DTMソフト音源をマイク録音して空気感を足す方法【リアンプ】

リアンプについて

リアンプとは、一度録った音をスピーカーやアンプで鳴らし、再度マイクで録音することです。

リアンプ」あまり聞きなれない用語です。

その手法は簡単で、スピーカーの前にマイクをセットして録音するだけです。

また、ソフト音源を使った「打ち込み」を再生して、マイク録音することもあります。

これも「リアンプ」に含めて、進めていきたいと思います。

リアンプする理由

リアンプのメリットとして、考えられるのは2つぐらいでしょうか。

  • 空気感を足すことができる。
  • 他の音と馴染ませることができる。

特に、宅録であれば、エレキギターはライン録音が多いと思います。

1つの楽曲の中に、アコギをマイク録音したトラックもあれば、ソフトシンセやドラム音源を打ち込んだトラックもあります

空気感が足りないとか、打ち込み音源のままではイマイチという時にリアンプが使えます。

ライン録音したもの、ソフト音源リアンプすると、マイク録音なので空気感が足されます

リアンプの手順

いかにも知ってる風にリアンプを説明していますが、私は「リアンプ」をやったことがありませんでした。

(えっ!?)

何かのインタビュー記事で、話には聞いたことがあります。

きっと、「別にやる必要ないし」と面倒に感じていたのでしょう。

でも、「DTMの打ち込みでも生っぽく、良い音で曲をつくりたい」という気持ちもあります。

そんなわけで、実際に試してみました。

とはいえ、このリアンプがプラスに働くかは、また別の話です。

マイクとスピーカーがあればできるので、実際の音を聴いて判断することをおすすめします。
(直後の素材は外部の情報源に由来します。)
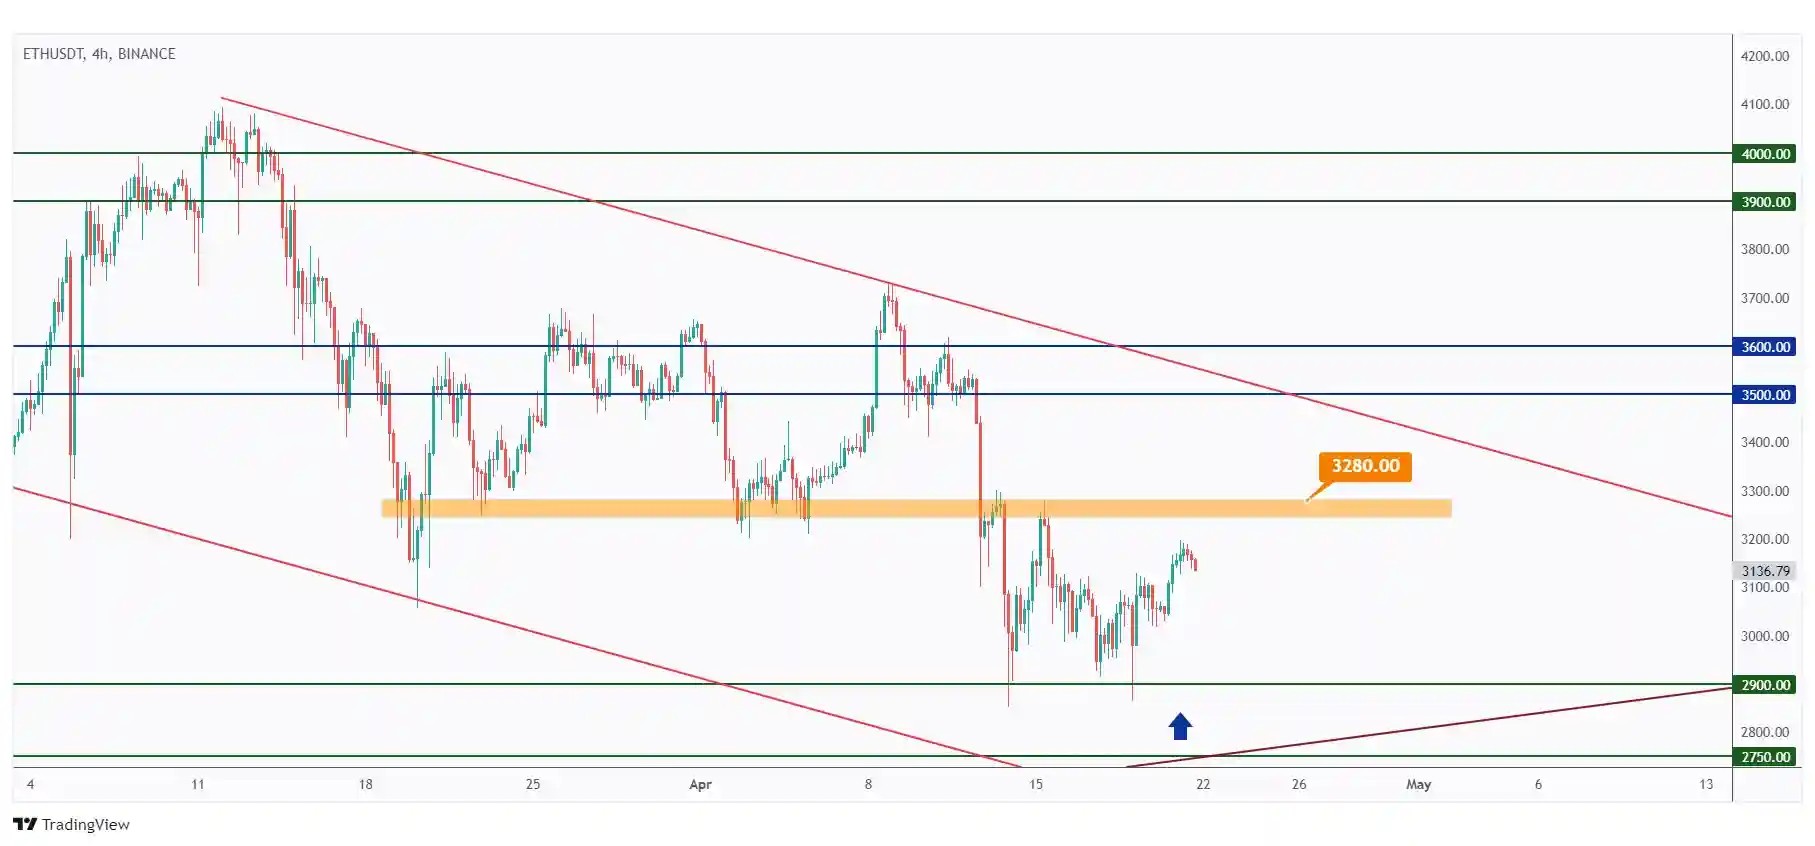 ETH 4h chart showing the last major high at $3280 that we need a break above for the bulls to take over.

以下がモニタースピーカーを使った、今回のリアンプ手順です。

スピーカーでのリアンプの手順

  1. どちらか片方のスピーカーの前にマイクをセット。【今回は左
  2. 再生するトラックをソロにして、パンを左に振るマイクで録音するトラックはミュートにする
  3. 小さい音量からトラックを再生してみて、ちょうどいい音量に調整
  4. 録音スタート

録音時の注意点

リアンプで録音しているトラックはミュートしておきます。

マイクで録音している音がスピーカーから出ていると、ハウリングの恐れがあります。

ボカロをリアンプしてみる

ピアノ、ストリングス、ギター、ドラム、色々なソフト音源がありますが、ボカロもその1つです。
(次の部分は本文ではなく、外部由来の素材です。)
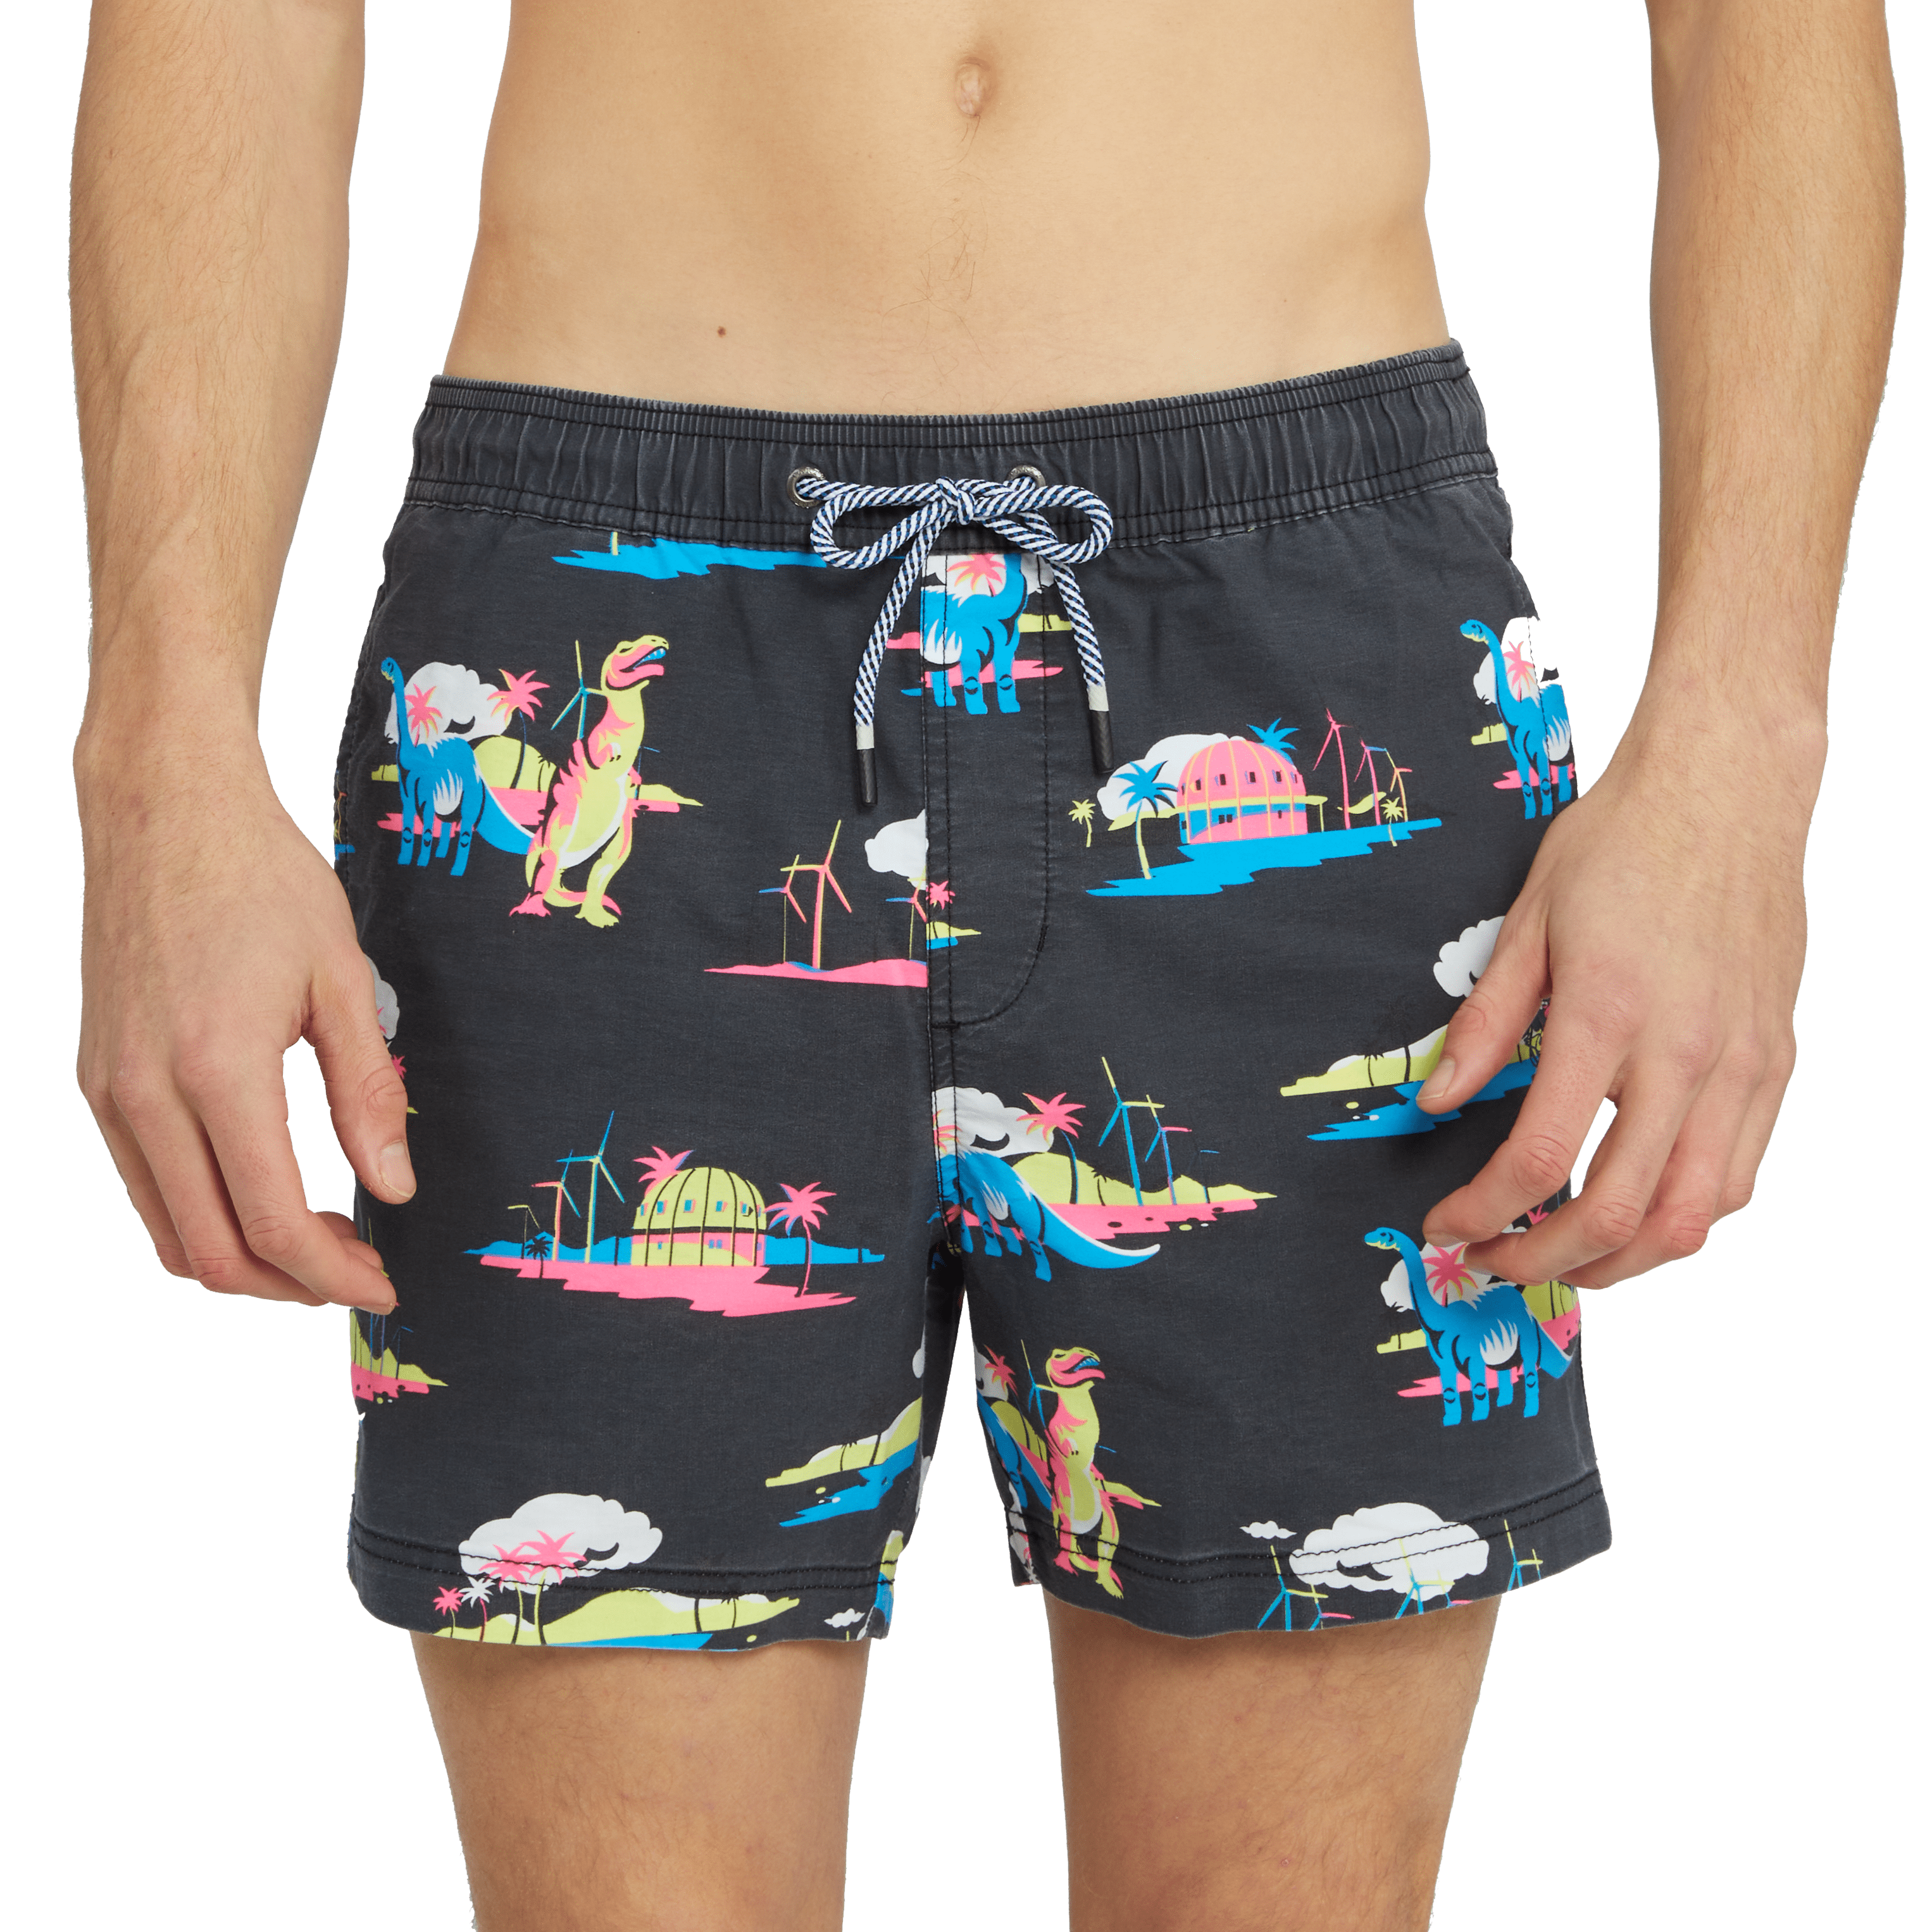 PALM SPRINGS PARTY STARTER SHORT - BLACK PRINTED SHORTS PARTY PANTS

他の楽器でも試してみたいですが、今回は効果がわかりやすそうなボカロで試しました。

ボカロ打ち込み音源

空間系のエフェクトを掛けていないということもあって、声のない部分でぶつっと切れる感じになります。

ボカロ【リアンプ】

こちらも空間系エフェクトは掛けてませんが、空気感が足されました。

ボーカロイドが実際にレコーディングに来てくれたみたいですね。比較的ナチュラルです。

 

次は、リバーブなどを掛けて、オケにミックスにしたものです。

ボカロ打ち込み音源 2MIX

ボカロ【リアンプ】 2MIX

こちらの2つはリバーブとディレイを掛けてるので、ちょっと違いがわかりにくいですね。

どちらがいいかは好みですが、打ち込みとリアンプの両方をブレンドするというのもいいと思います。

打ち込み50% / リアンプ50% みたいな感じです。

ブレンドの注意点

リアンプ音源はマイク録音している分、打ち込みよりも再生位置が遅れているはずです。

2つを混ぜるときは、位相が合うように調整が必要です。

まとめ

リアンプは、一度録った音をスピーカーやアンプで鳴らし、再度マイクで録音することでした。

ソフト音源にもリアンプが使えます。

今回はボカロでしたが、ピアノ音源、ストリングス音源サンプリングCD、なんでも使えそうです。

たとえ、マイク録音した素材であっても、自分の持っているマイクでリアンプすることもできます。

打ち込みであってもライブ感、空気感、馴染みやすさを出したい時、リアンプを考えてみてはどうでしょうか。

以上、DTMソフト音源をマイク録音して空気感を足す方法でした。